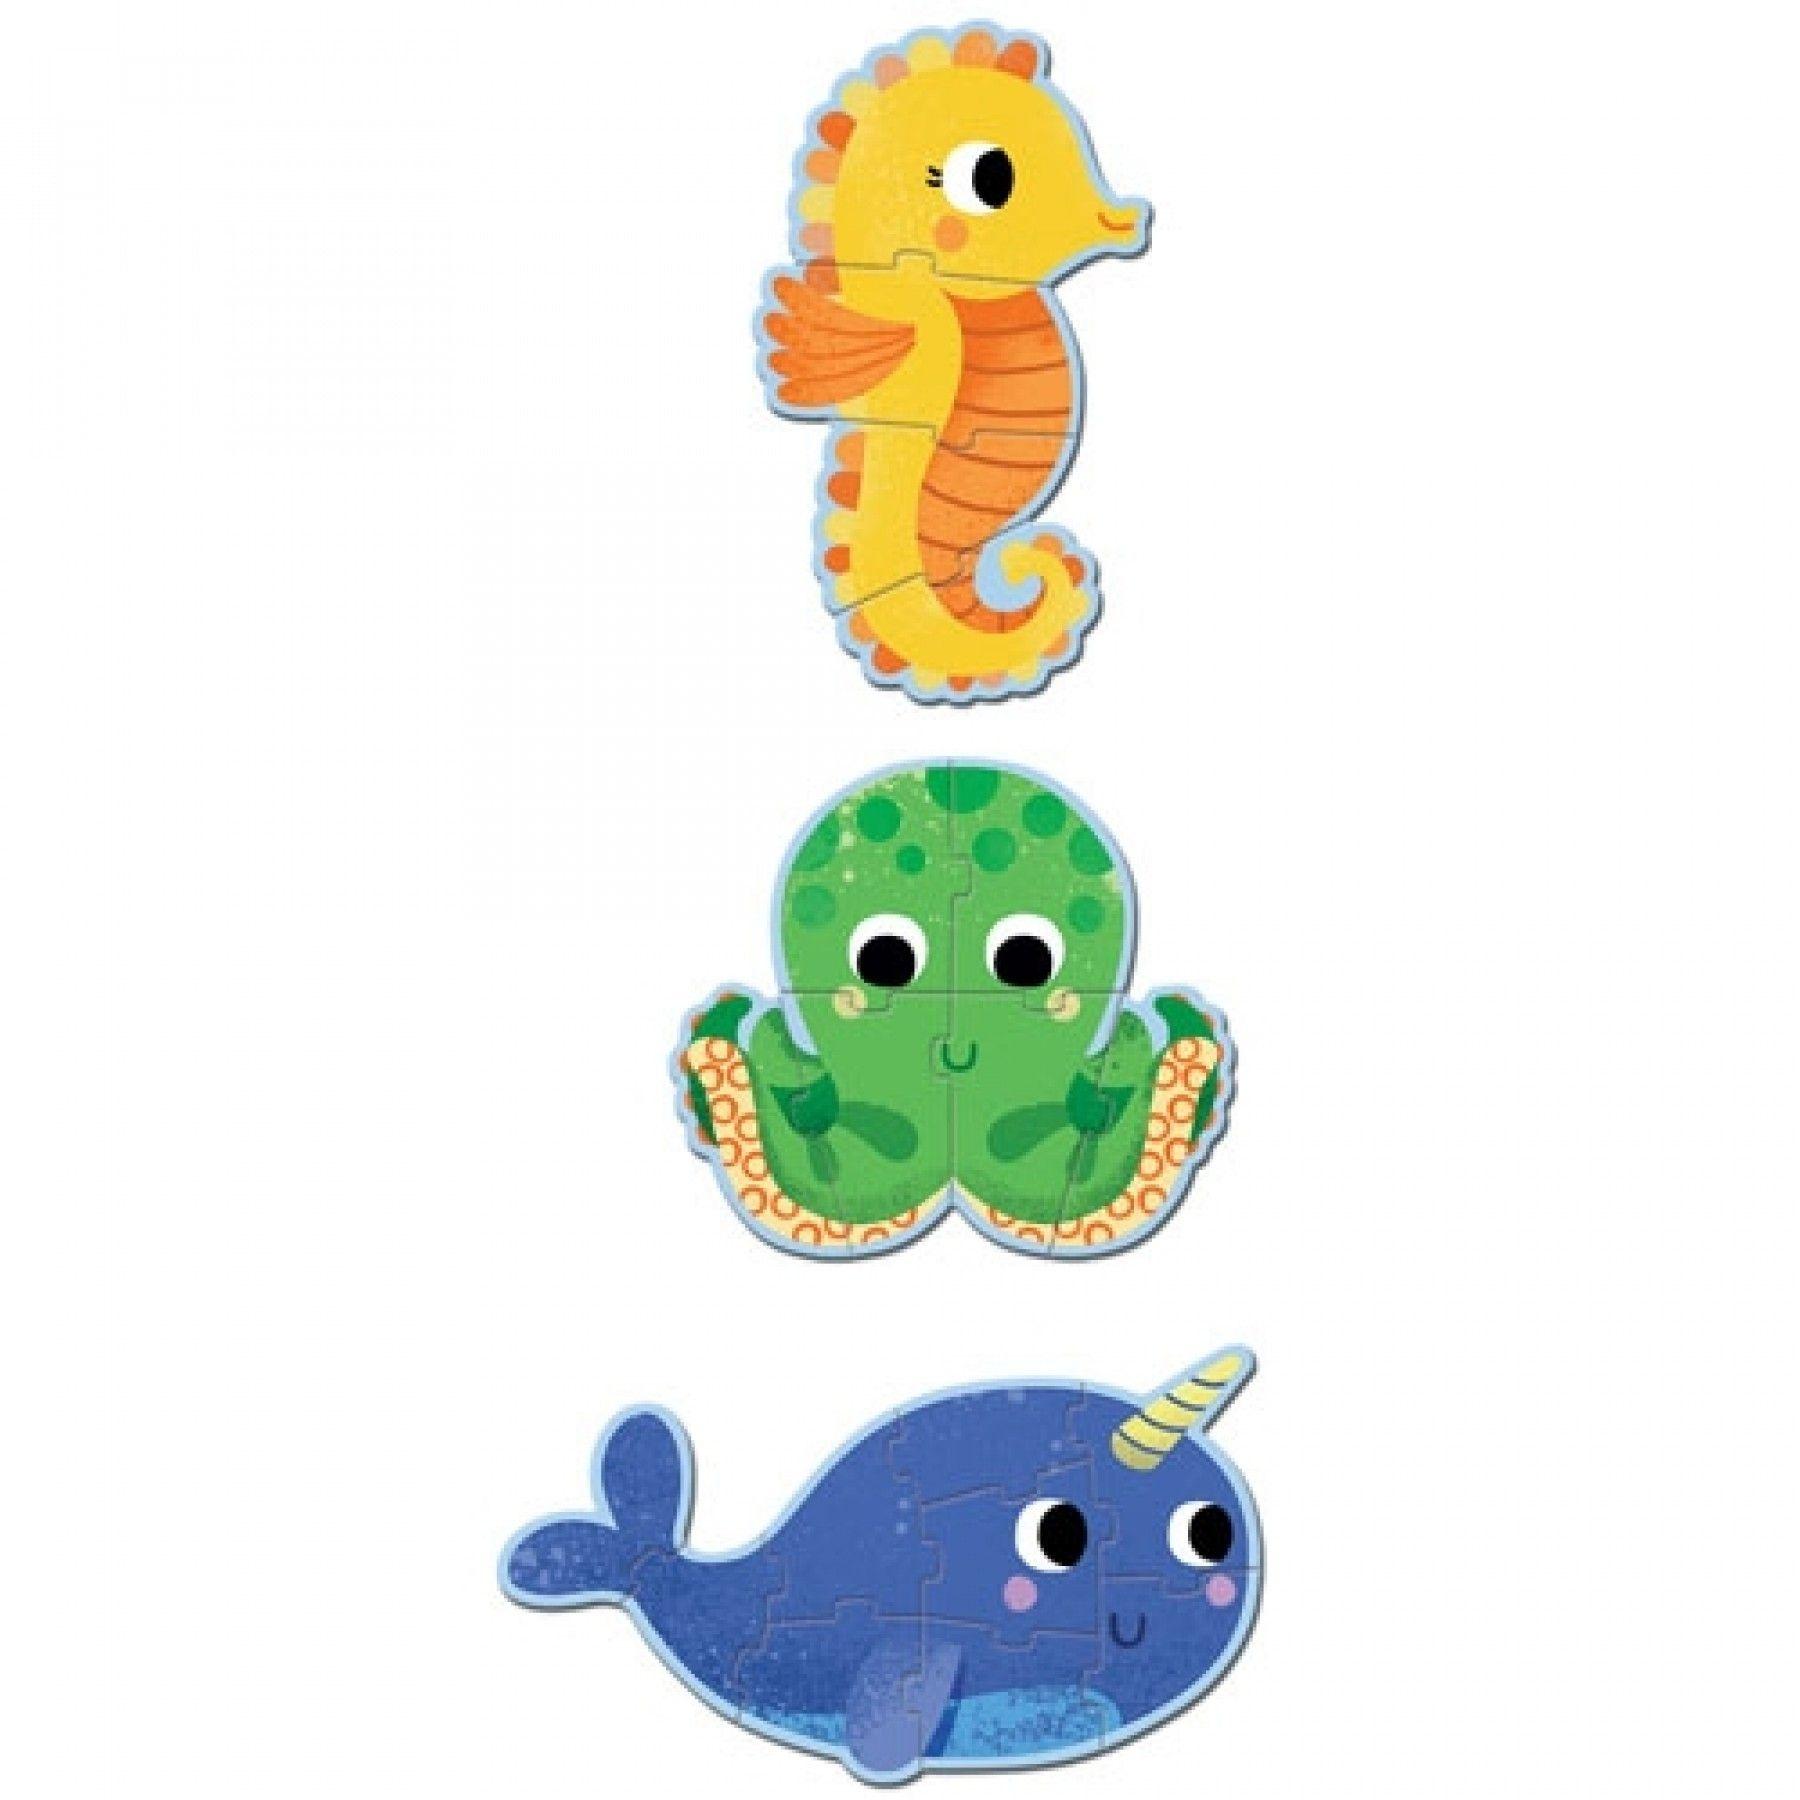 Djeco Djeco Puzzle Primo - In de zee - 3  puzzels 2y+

---

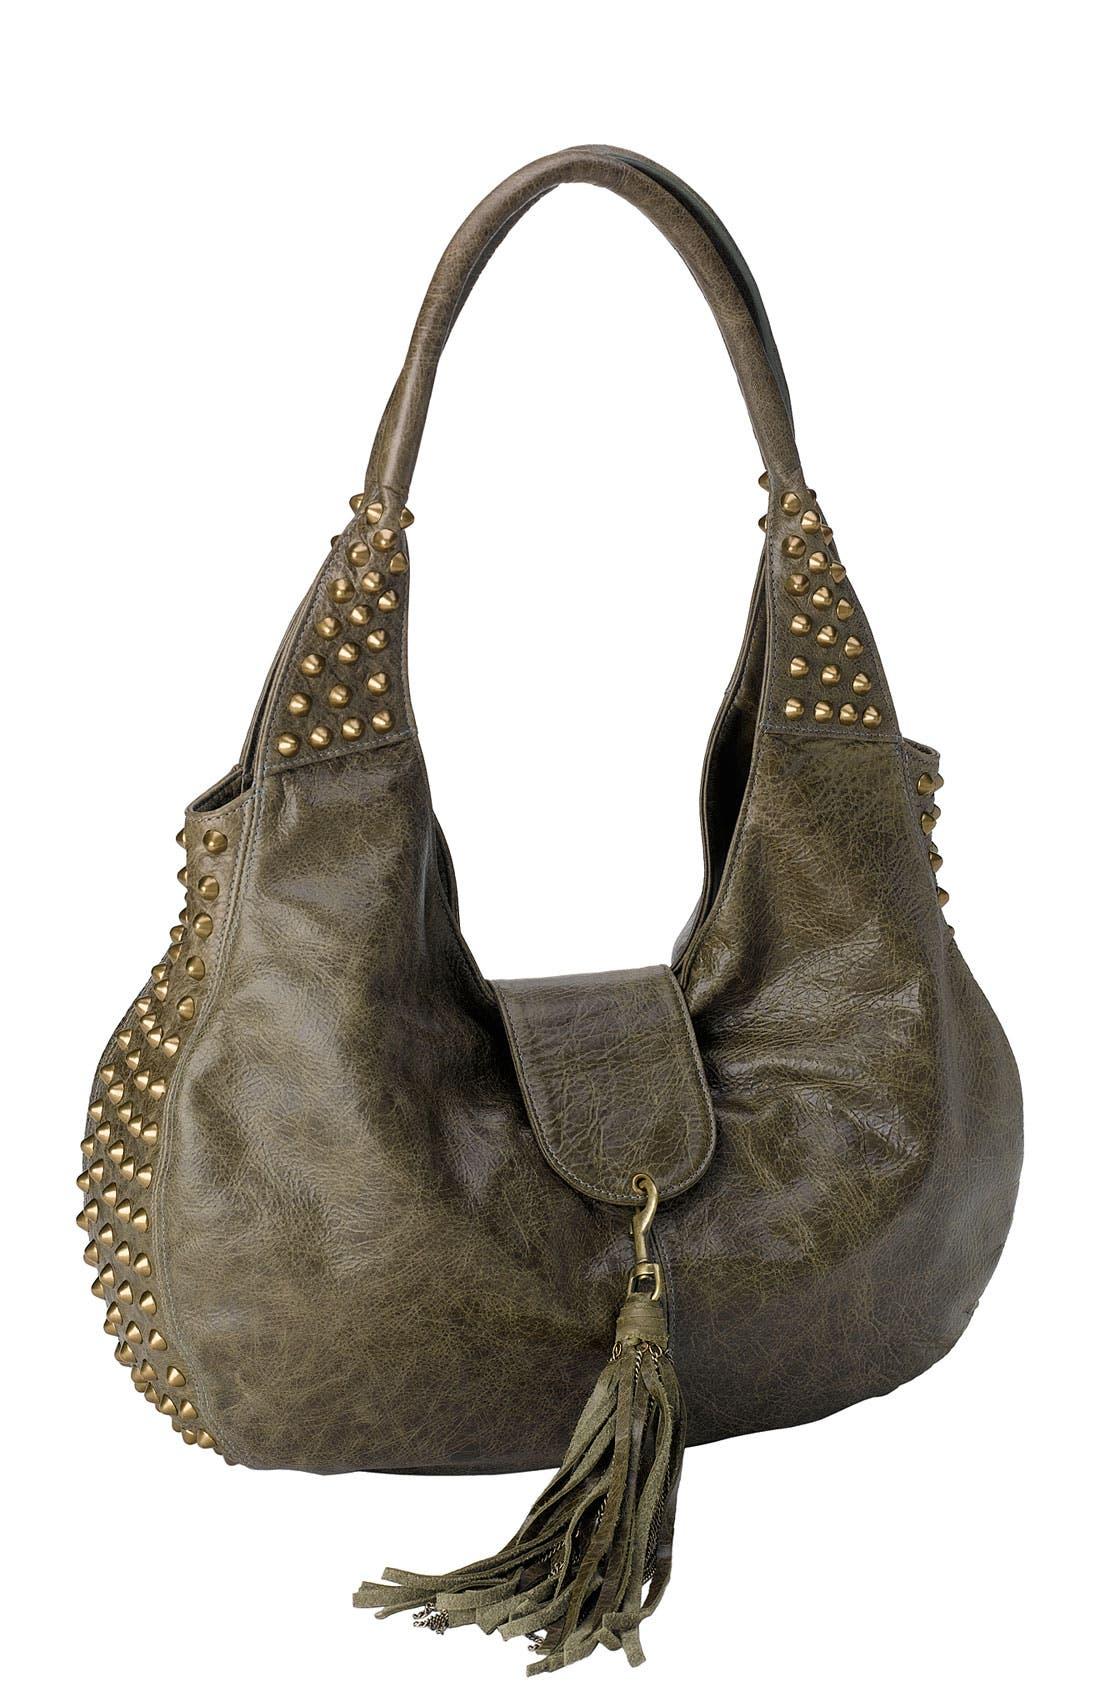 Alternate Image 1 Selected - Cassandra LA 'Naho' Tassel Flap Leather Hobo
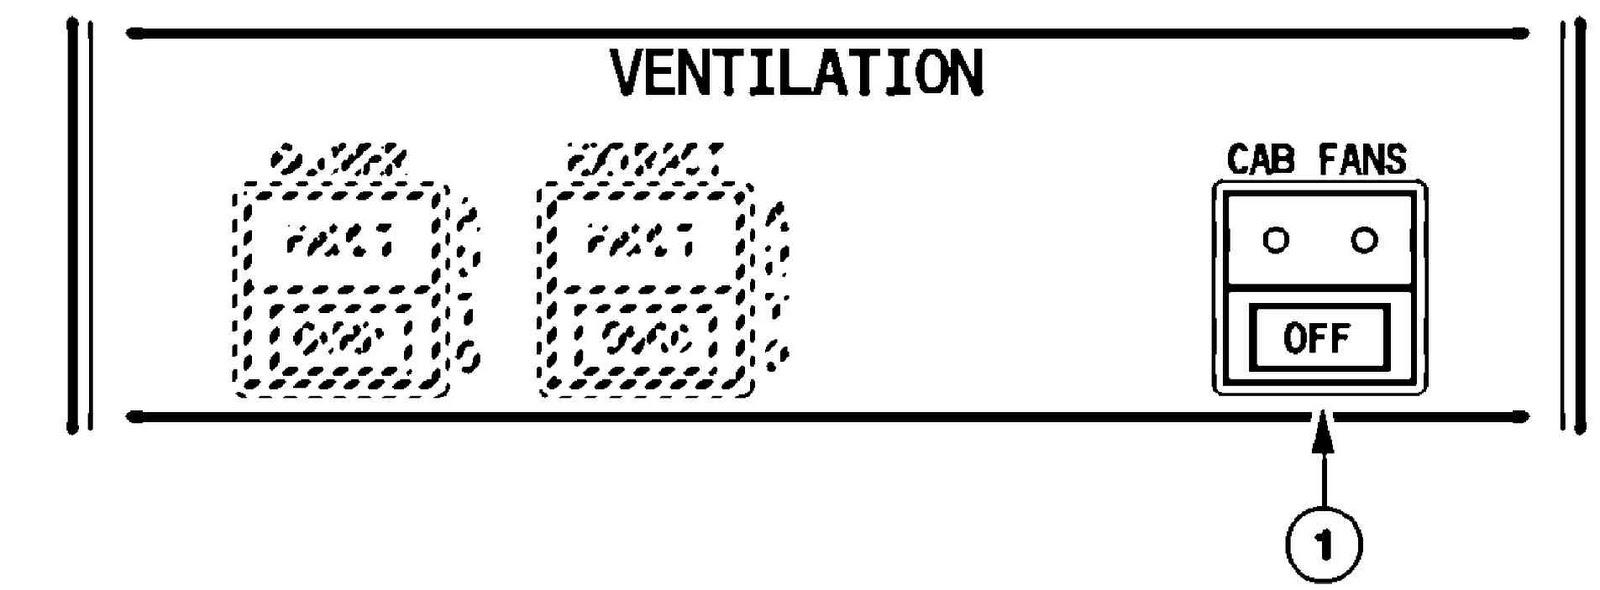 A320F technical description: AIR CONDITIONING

■ **Work order**: Above are the records. Copy only the lines from the one with "Alternate Image 1" through the one with "A320F technical description: AIR", exactly, with no pictures.

■ **Written response**:
 Alternate Image 1 Selected - Cassandra LA 'Naho' Tassel Flap Leather Hobo
 A320F technical description: AIR CONDITIONING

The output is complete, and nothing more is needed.